According to the WHO classification 2014,
ovarian epithelial carcinoma is classified into seven types of serous carcinoma,
mucinous carcinoma,
endometrioid carcinoma,
clear cell carcinoma,
malignant Brenner tumor,
seromucinous carcinoma and undifferentiated carcinoma (Fig.1) [1].
Clear cell carcinoma (CCC) of the ovary accounts for 5-10% of surface epithelial carcinoma but for 20% in Japan and is known as the most frequently associated with ovarian and pelvic endometriosis in 50-70% of cases.
As the background of endometriosis,
the mean age is 55years in contrast to 63 years for serous carcinoma.
Clinically,
it is also associated with paraneoplastic hypercalcemia (2-10%) and venous thromboembolism (18-46%).
As for FIGO stage of CCC,
about 56% is stage I in contrast to19% of serous carcinoma.
Moreover,
stage IC is more common at the rate of 55-74% than the other type of carcinoma probable associated with of tumor rupture(Fig.2) [1-3].
The most important criteria were established to differentiate malignant from benign tumors of the ovary with MRI.
Using the five primary criteria with contrast enhancement was reported to improve the accuracy of making the diagnosis of ovarian tumors.
The five criteria are known as (a) size greater than 4cm,
(b) solid mass or large component,
(c) wall thickness greater than 3mm,
(d) septal thickness greater than 3mm and/or vegetations or nodularity,
and (e) necrosis [4].
To distinguish benign from malignant tumors,
it was said that evaluating enhancement patterns on the dynamic contrast MRI was available because benign tumors showed gradual increasing but malignant tumors showed plateau following rapid increase (Fig.3) [5].
Concerning high association of endometriotic cyst,
it was sometimes difficult to indicate benign or malignant tumor on MRI because solid components showed various signal intensities on T2WI and the presence or absence of enhancement [6].
However,
it was presented that evaluating enhancement on dynamic subtraction image was available in order to exclude hemorrhagic high signal intensity surrounded solid components on T1WI [7].
As for morphology of solid components,
it was reported to become one of diagnostic factors to make differentiate ovarian cancer associated endometriosis from benign endometriotic cyst [8].
On focused the growth pattern of solid components,
it was mentioned that eccentric pattern was predominant at the rate of 77.8% of CCC compared to 40.0% of endometrioid carcinoma [9].
As a common appearance of CCCs on MRI,
cystic tumor with solid protrusions (83%) at the mean size of 13cm,
typically unilocular large cystic tumor (90%),
and round solid protrusions (67%) were reported [10].

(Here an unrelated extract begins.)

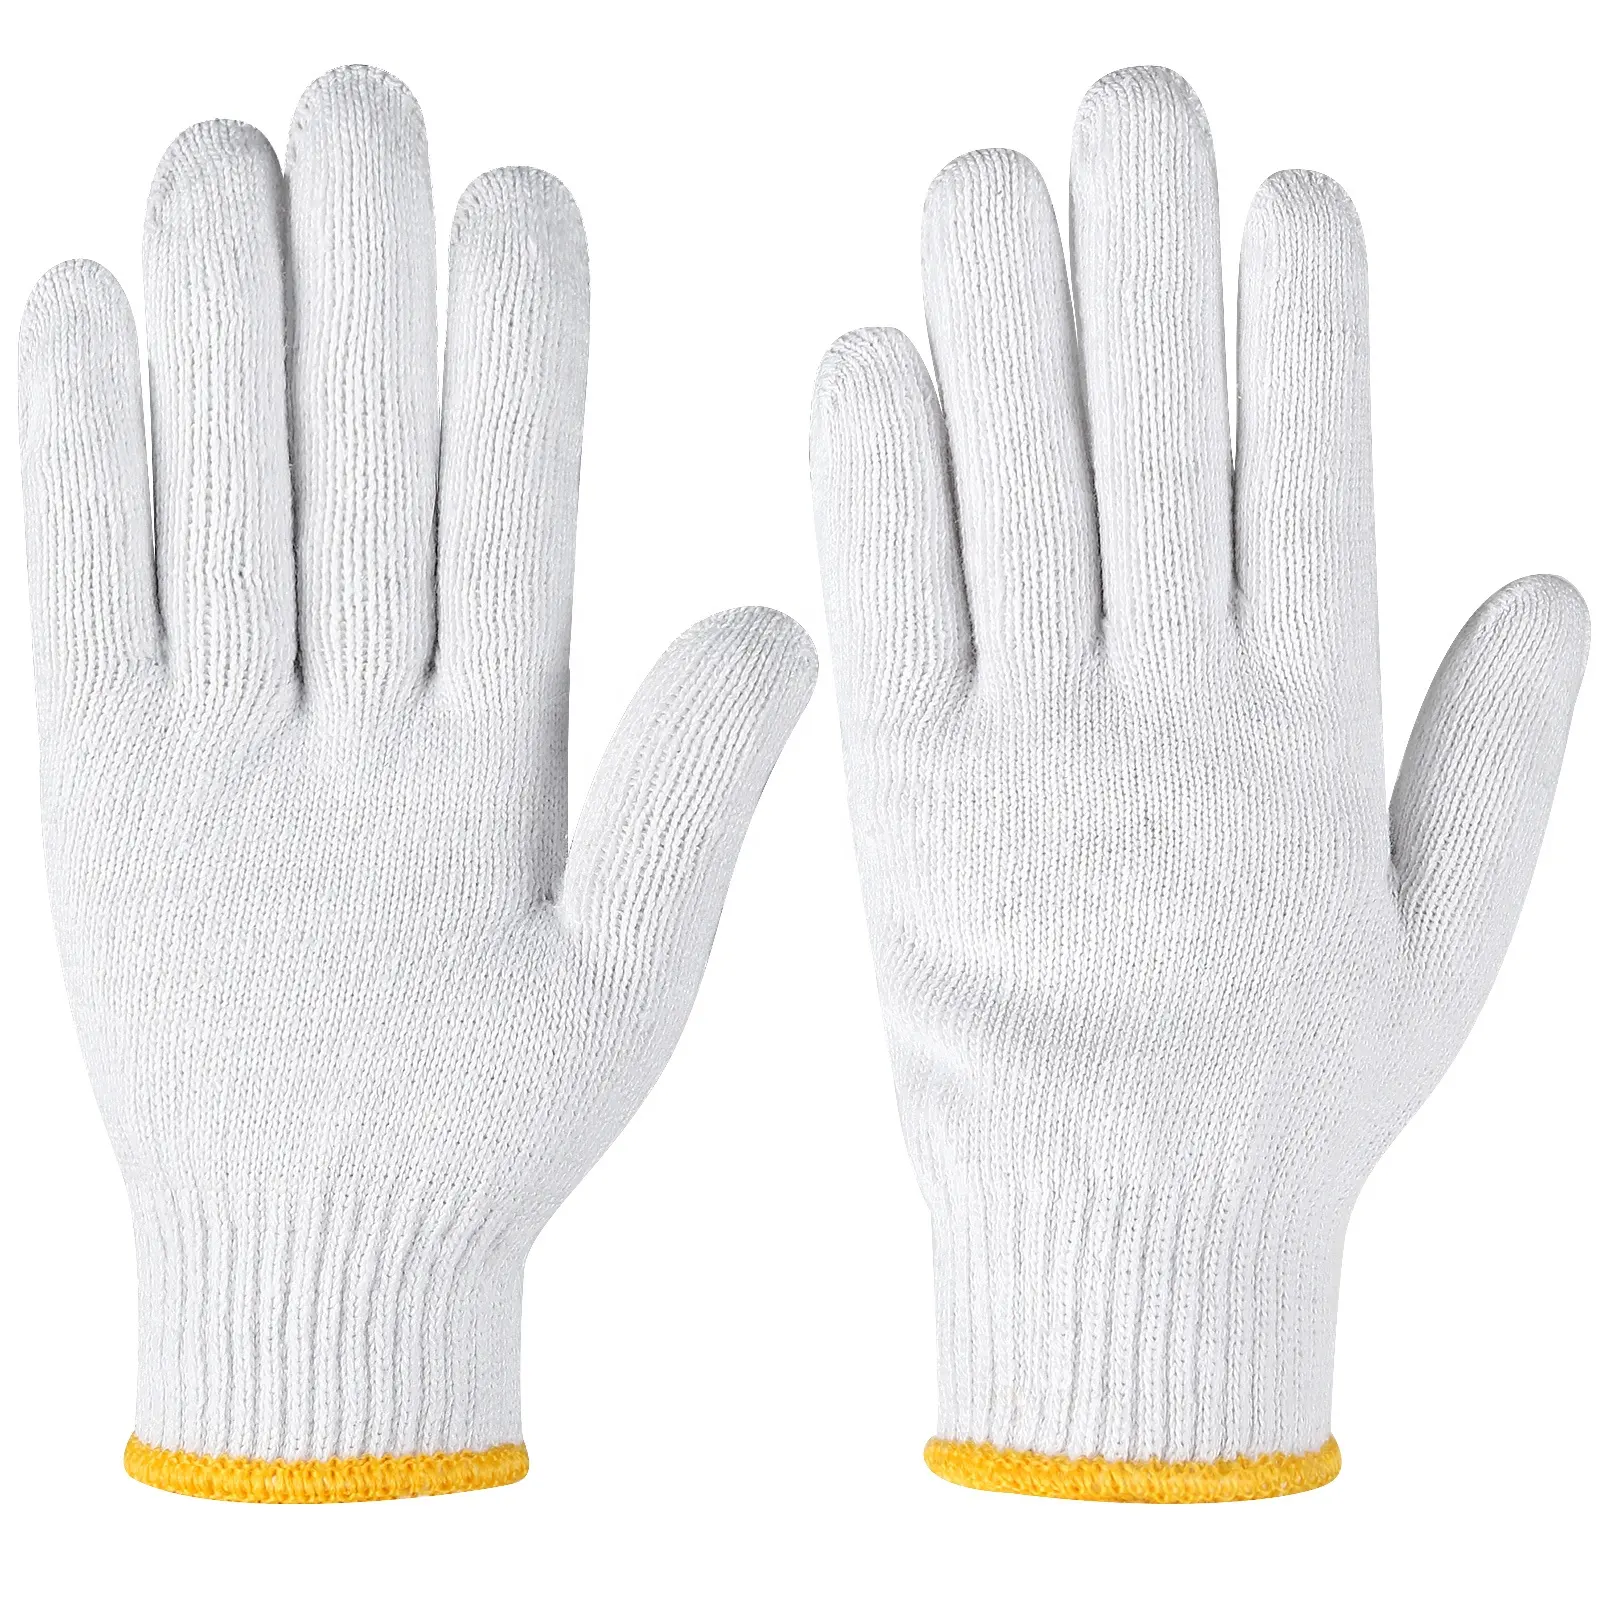 Gant tricoté blanc blanchi naturel de calibre 7/10 gants en coton de sécurité pour la construction de travaux
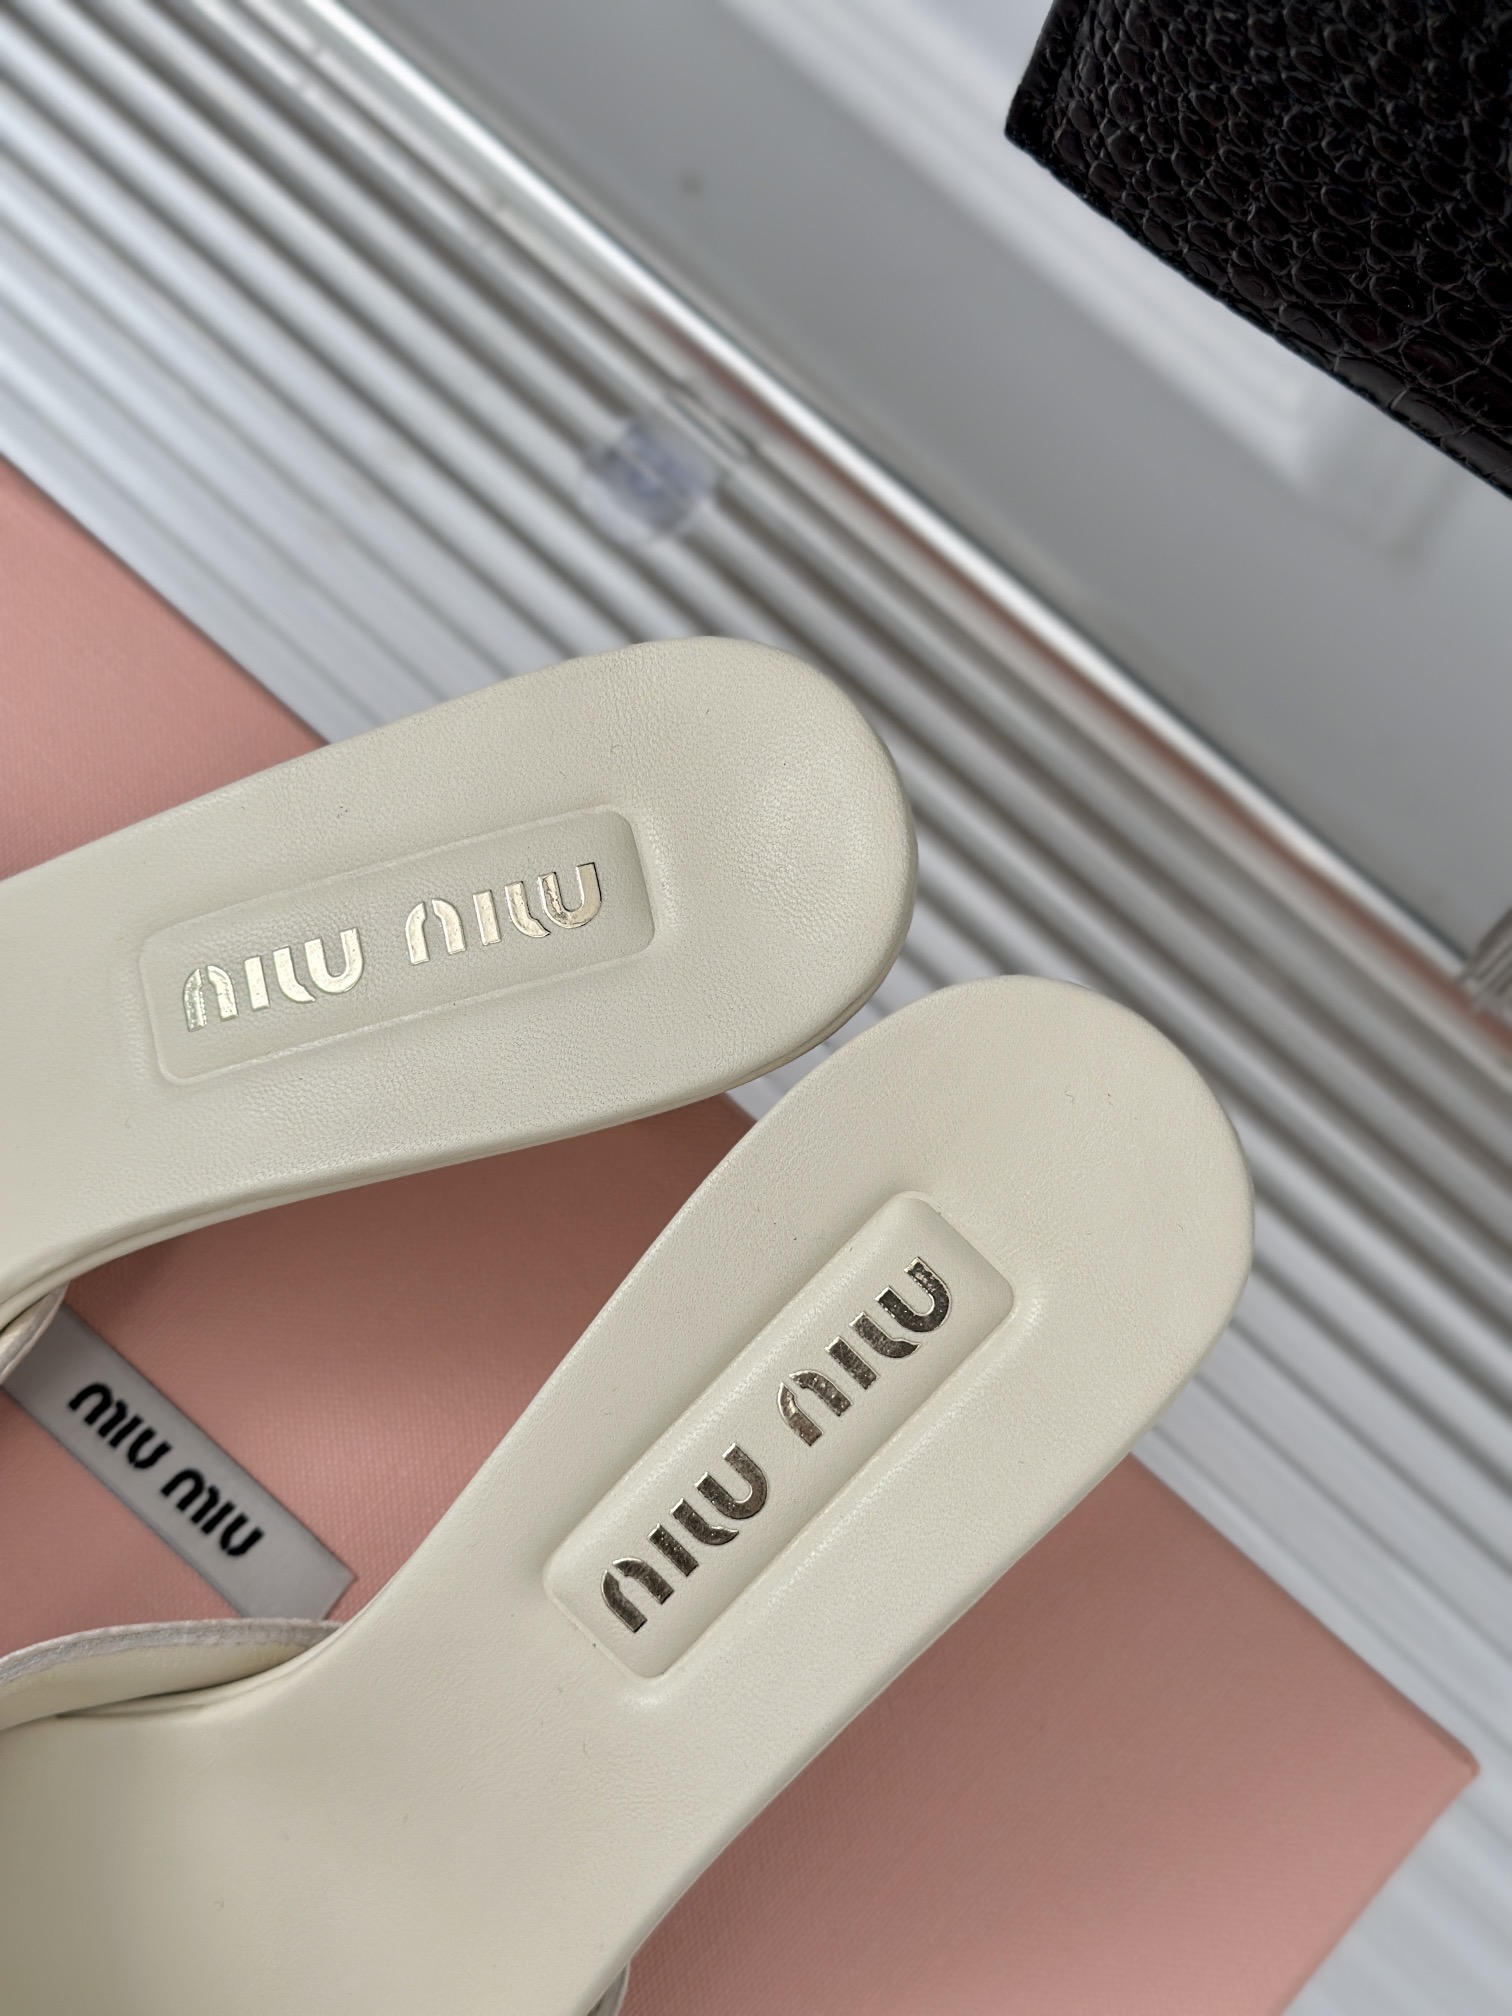 MIUMIU24新品经典花朵高跟拖鞋鞋面采用进口真丝内里垫脚均为羊皮意大利进口牛皮大底跟高7.5cm码数

The shape of CCCs was also reported oval (75%) and unilocular (79%) with large papillary protrusions at the size of 5.13±0.4cm.
On T1WI,
hyperintensity of the cystic component was seen at the rate of 62% (Fig.4) [11].
Recently some reports presented that the combination of DWI and measurement ADC values were useful for differentiating benign from malignant tumors or useful for differentiating borderline from malignant tumors [12-14].
On the other hand,
other reports presented some limitations that measuring ADC values was not available in differentiating benign from malignant tumors because complexity of edematous change and dense fibrous stroma of benign tumors demonstrated some overlap between benign or not benign,
although the presence of low signal intensity on DWI and low signal intensity within the solid component indicate always benign (Fig.5) [15-17].
There is no previous analysis performed for evaluating the combination of DWI and ADC values in the large population of CCCs (Fig.6) [12,15].
Therefore,
we attempt to clarify specific MRI findings of CCCs focused on many aspects such as age,
FIGO stage,
CA125 value,
maximum tumor size,
protrusions appearance within the tumor and pathological features.
To make an accurate diagnosis preoperatively,
radiologists must be familiar with the spectrum of appearance of CCCs on MRI.